The echo was silent for a
moment then started up again. With every crunch of my father’s feet, he
could hear a crunch simultaneously hit the trail behind him. Someone, or
something, was following him. Deliberately and furtively stalking him.
He stopped again, and so did his echo. He shined the light around him
again, in all directions. Down the trail, into the trees, and even into
the air. Nothing. There was absolutely nothing there. He carefully
observed his surroundings. It was then he noticed another trail, not
three feet from him on the other side of the brush. Silently, he began
devising a plan. He decided that he would begin walking again, and when
the echo recommenced he’d take another step…but he’d stop. If it was his
mind playing tricks then the echo would stop too. He turned up the
trail and continued along his way. Within moments the echo re-emerged.
He waited until he was confident it the time was right, and he
stepped…and stopped mid step. His foot was barely an inch from the
ground.
*CRUNCH*
The sound resonated through his being and
sent shivers down his spine. He spun around and shined the light again
only to be greeted by darkness. He turned back up the trail and
quickened his pace. This time the strides did not mimic his own. They
were faster and louder. It dawned on my father at this point that he had
pissed it off, whatever it was. He loaded his shotgun as another plan
developed in his mind. He decided to step through the brush to the trail
on the other side. There he would wait for It to pass him, and he would
turn the tides. Without hesitation he cut off his light and stepped
across the brush and waited in darkness. The sound of Its strides
continued up the trail before stopping what sounded like mere feet away.

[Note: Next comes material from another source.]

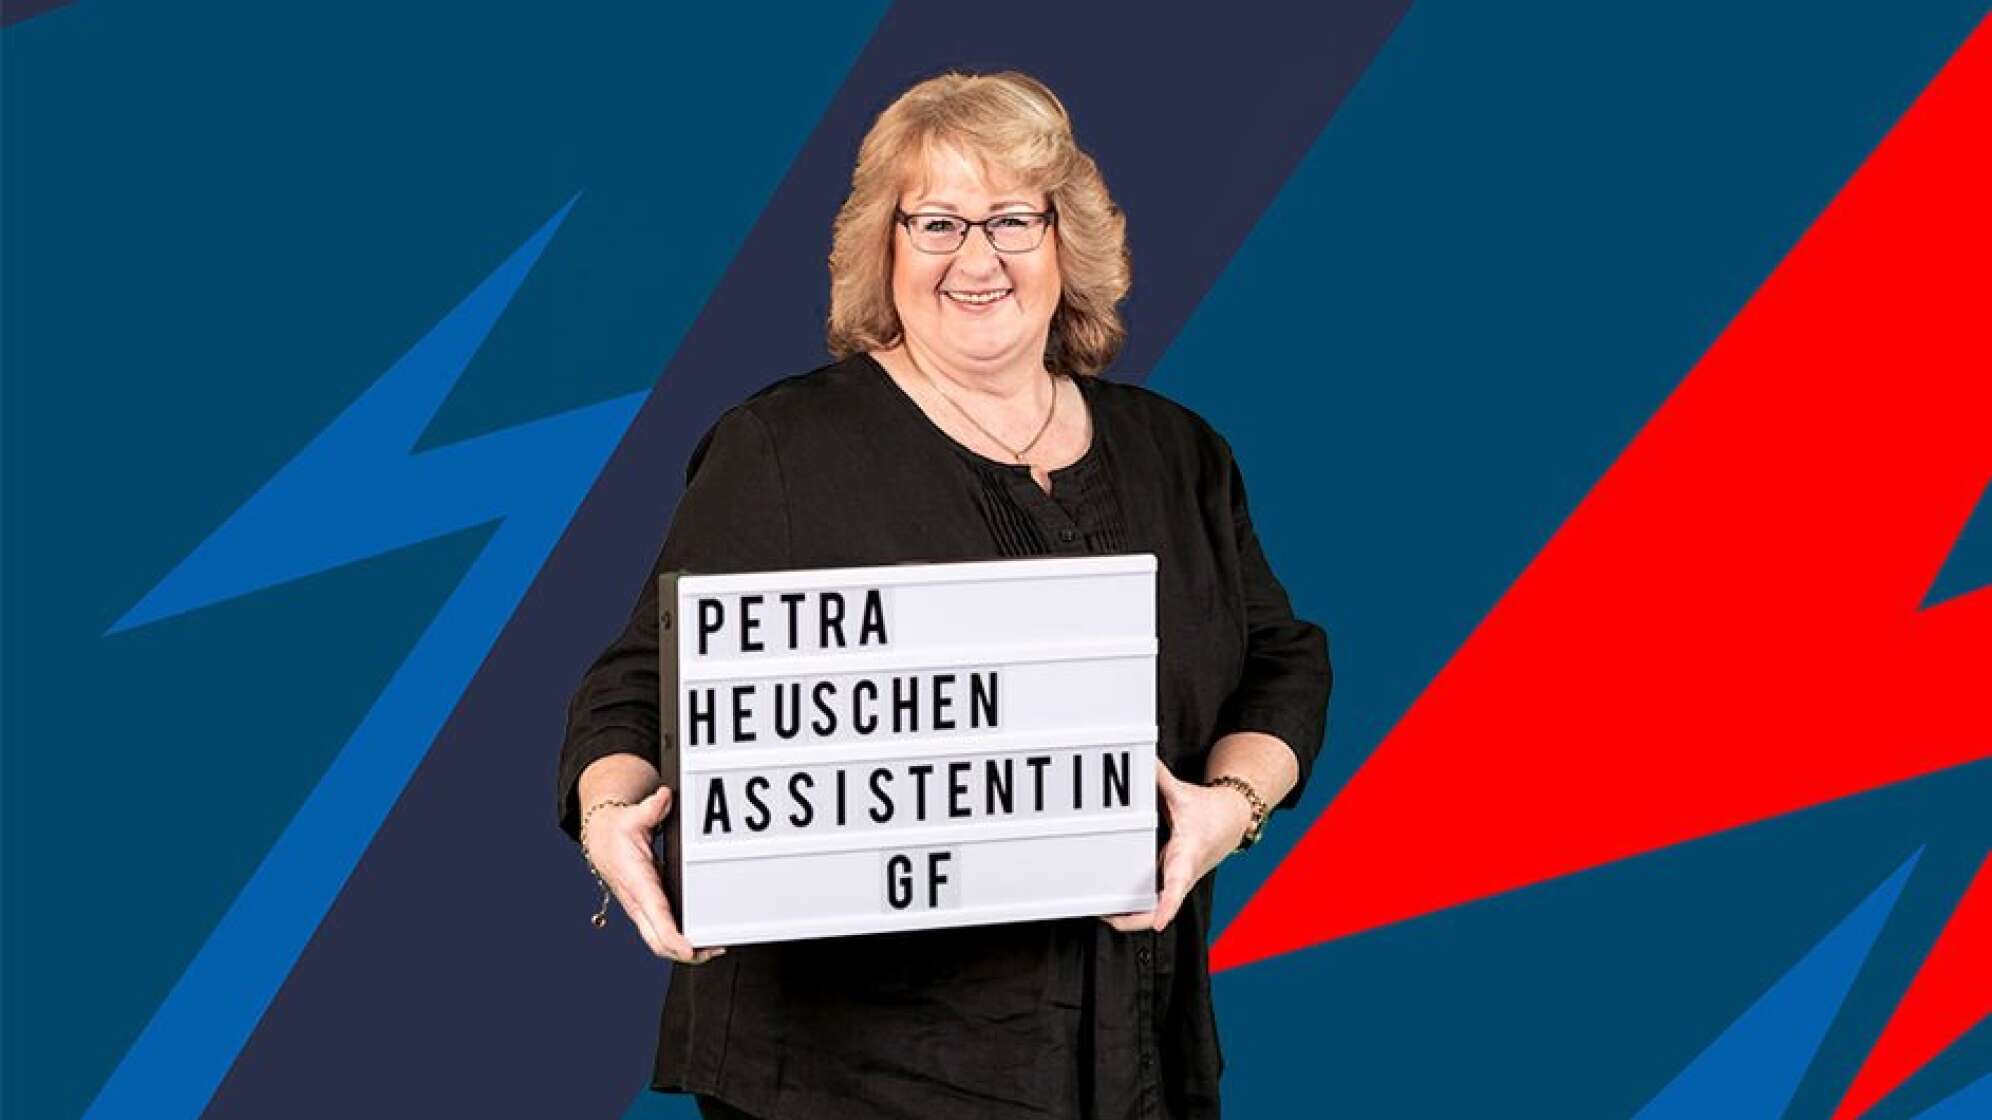 Petra Heuschen

Then It crossed through the brush, coming to a halt beside him. His
stomach sank and he fumbled for his light. He could feel eyes burning
into his skin, boring holes into his brain. The light came on with a
sudden flash…nothing. There was absolutely nothing there. He shined the
light all around him. There was no sign of anything passing through the
brush, no sign of anything walking along the trail. My father, an expert
hunter, could find no trace of the thing that was stalking him. He
shined his light further up the trail and saw something. A building…the
old coal shoot that was just above the slate dump. He bolted for it. He
could hear Its strides coming up fast behind him. He turned into the
coal shoot and dove in. The shoot collapsed around him, sending him
pouring down onto slate and rock. He quickly made his way to his feet
and shined his light towards the shoot, shotgun in firing position. He
could hear It moving fast up the trail. He heard It hit the coal shoot.
The shoot thundered and trembled under Its weight, but my father
couldn’t see anything. He blindly fired, pumped, and fired again and
again. The boom of his shotgun echoed throughout the valley…the sound
matched by a roar that made the hair on his neck stand. The shoot was
silent for a moment. Then he heard Its strides bolt in the opposite
direction. It made its way up the mountain towards the mine. He listened
for a long time. Silence.
He got home around noon. He was beaten
up pretty badly from his fall. He never said a word. My mother
attempted to console him, and he silently looked at her. His eyes filled
with dread and his ever present smile gone. Not long after that he and
my mom separated. The court ordered that the house be turned over to me
upon my 21st birthday. I returned home to find him sitting on the porch,
shotgun beside him. He had long since erected a security fence around
the property. He told me his tale and he told me that he continued to
hear It. When he walked to his mother’s or when he trimmed the hedges
and mowed the lawn. He could hear It following him. Ever presently, It
stalked him. Hunted him.
After my father passed, I left the house
empty. It didn’t feel right taking it when he had built it from the
ground up. But then I met the woman who would become my wife. We married
after I graduated college, and now she’s pregnant with my son. I
brought my family back here, to raise them where I was raised.
But I write this now because I am afraid. Each night I do a quick sweep
of the property. I check the house and then I check the yard…and each
night I can hear my footsteps echoing beyond the fence.